MATERIAL PROVIDED:

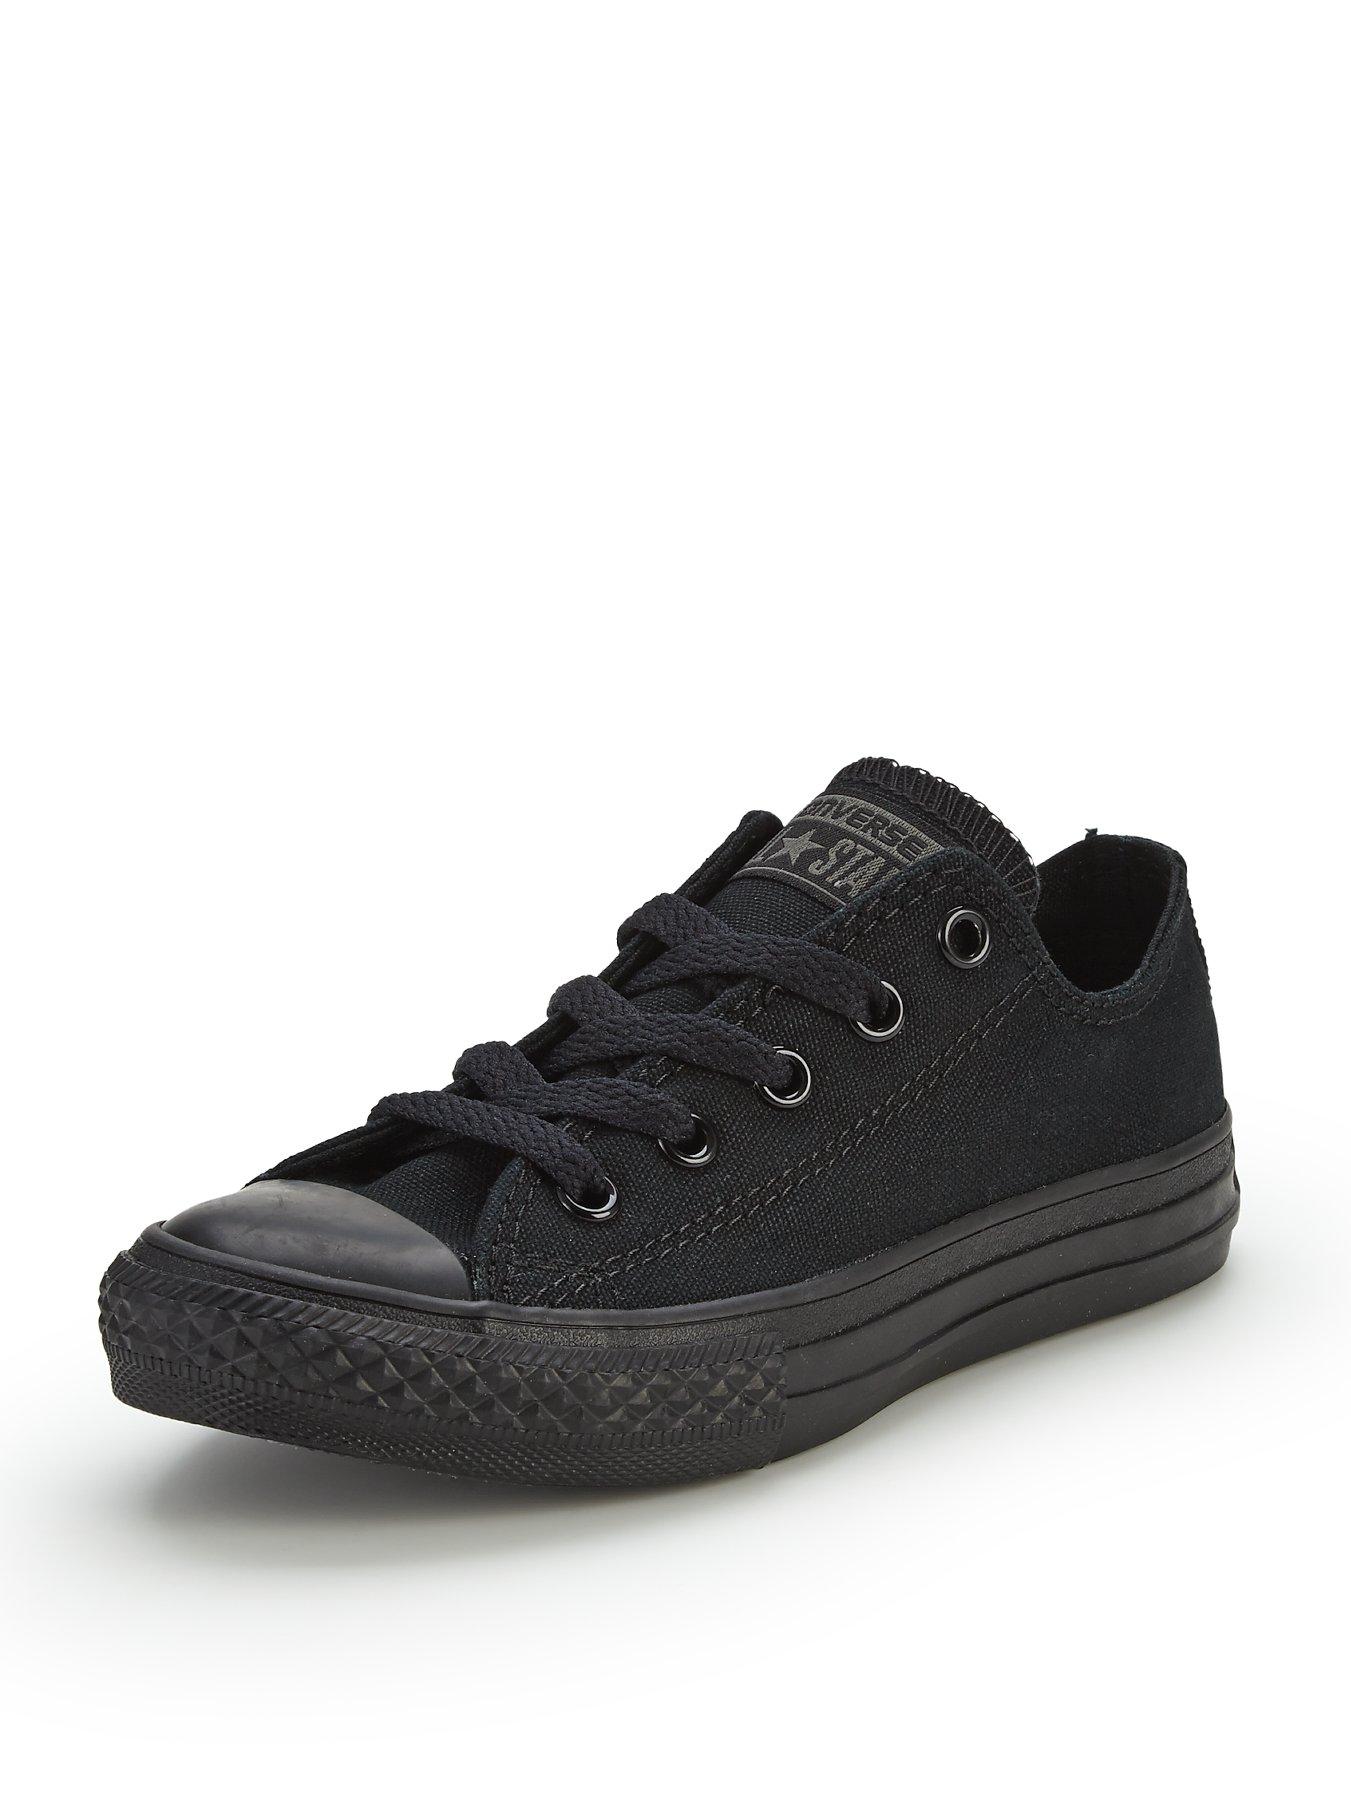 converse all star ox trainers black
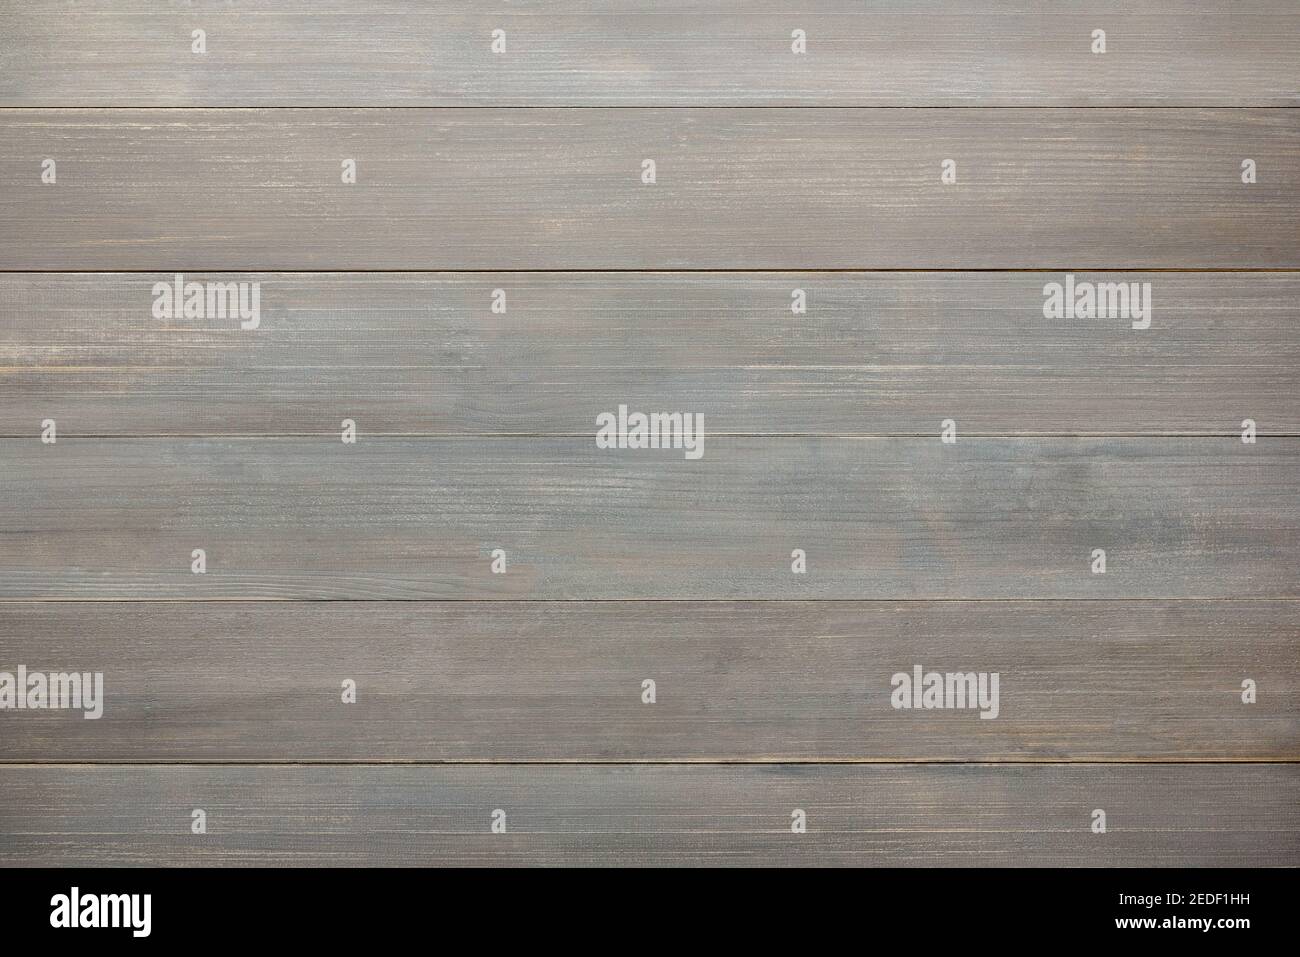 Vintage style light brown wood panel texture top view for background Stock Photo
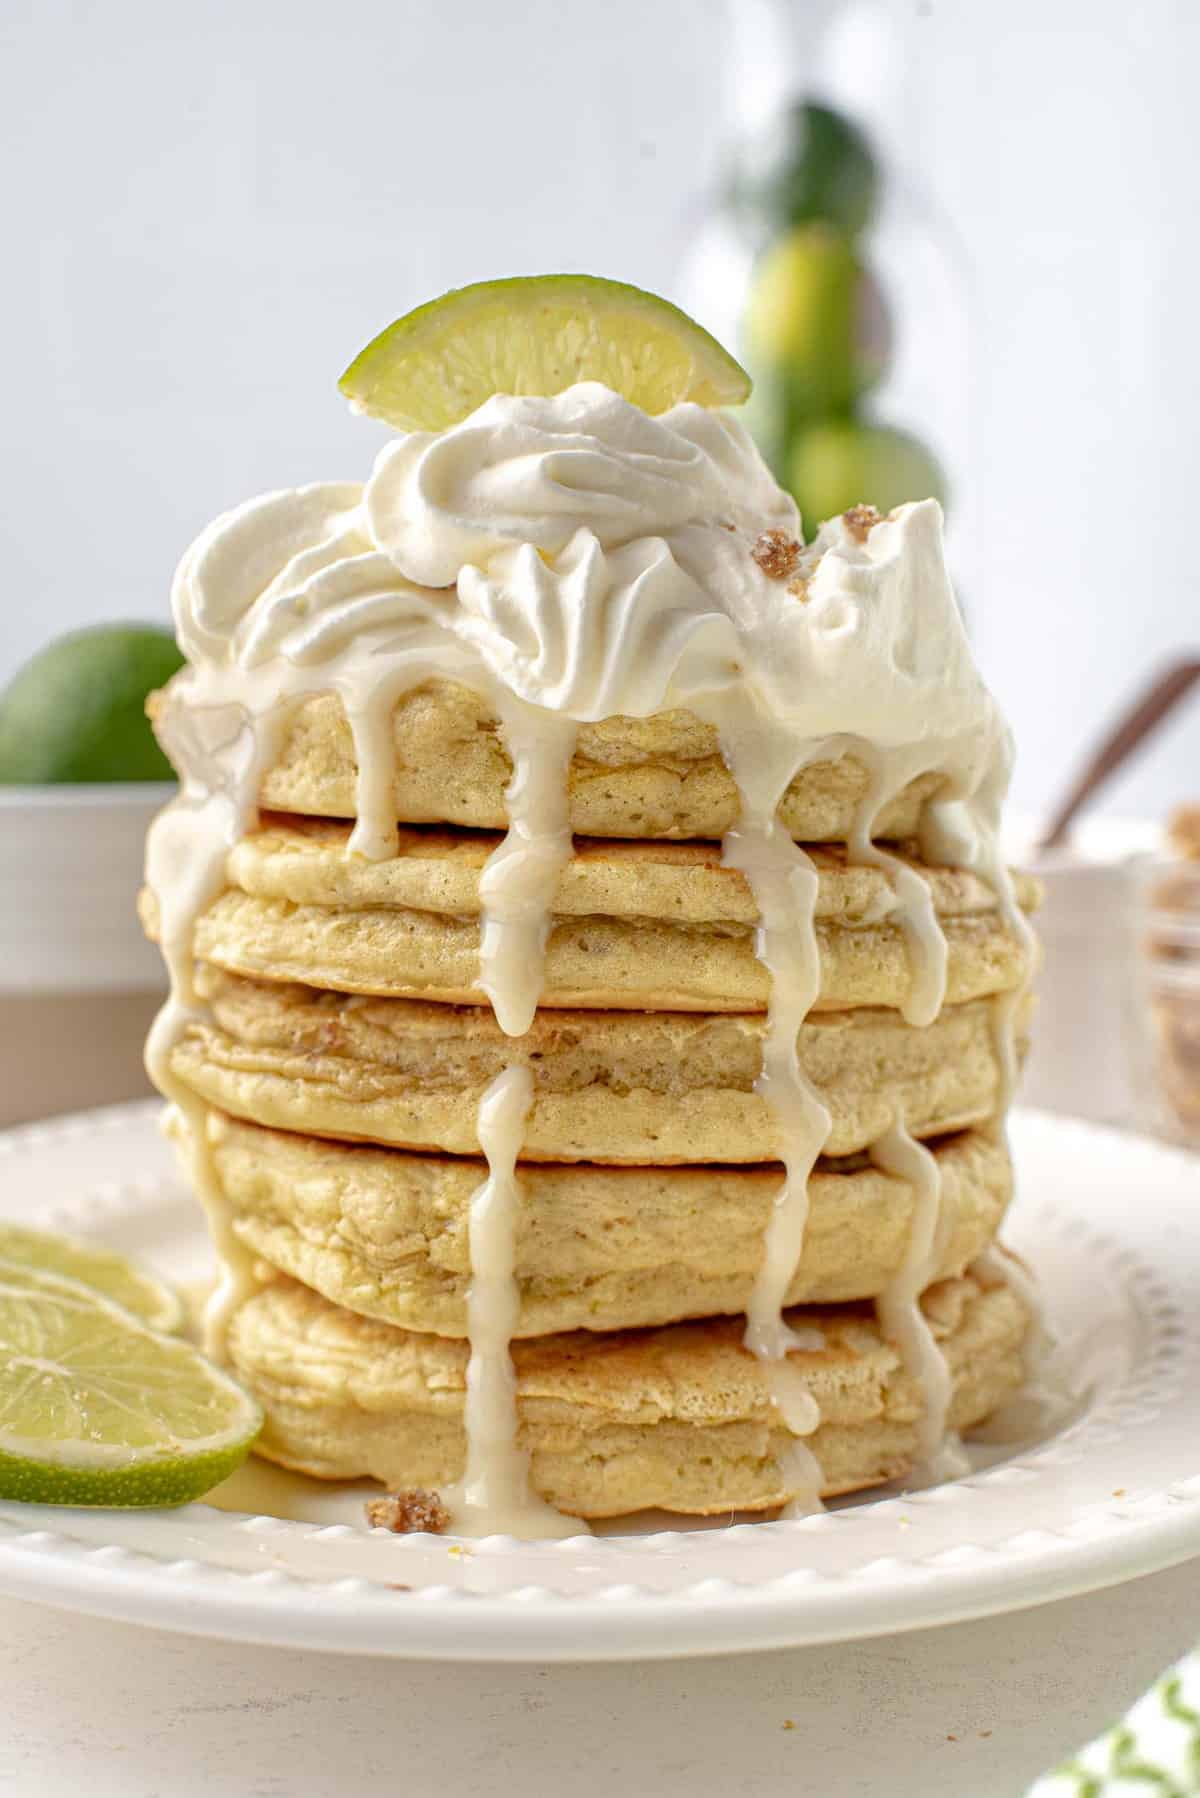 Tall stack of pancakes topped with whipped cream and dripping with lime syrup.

WORK TO COMPLETE: Everything in the data above, apart from the pictures, should be retyped exactly.

RESPONSE TO THE EXERCISE:
 converse all star ox trainers black
 Vintage style light brown wood panel texture top view for background Stock Photo
 Tall stack of pancakes topped with whipped cream and dripping with lime syrup.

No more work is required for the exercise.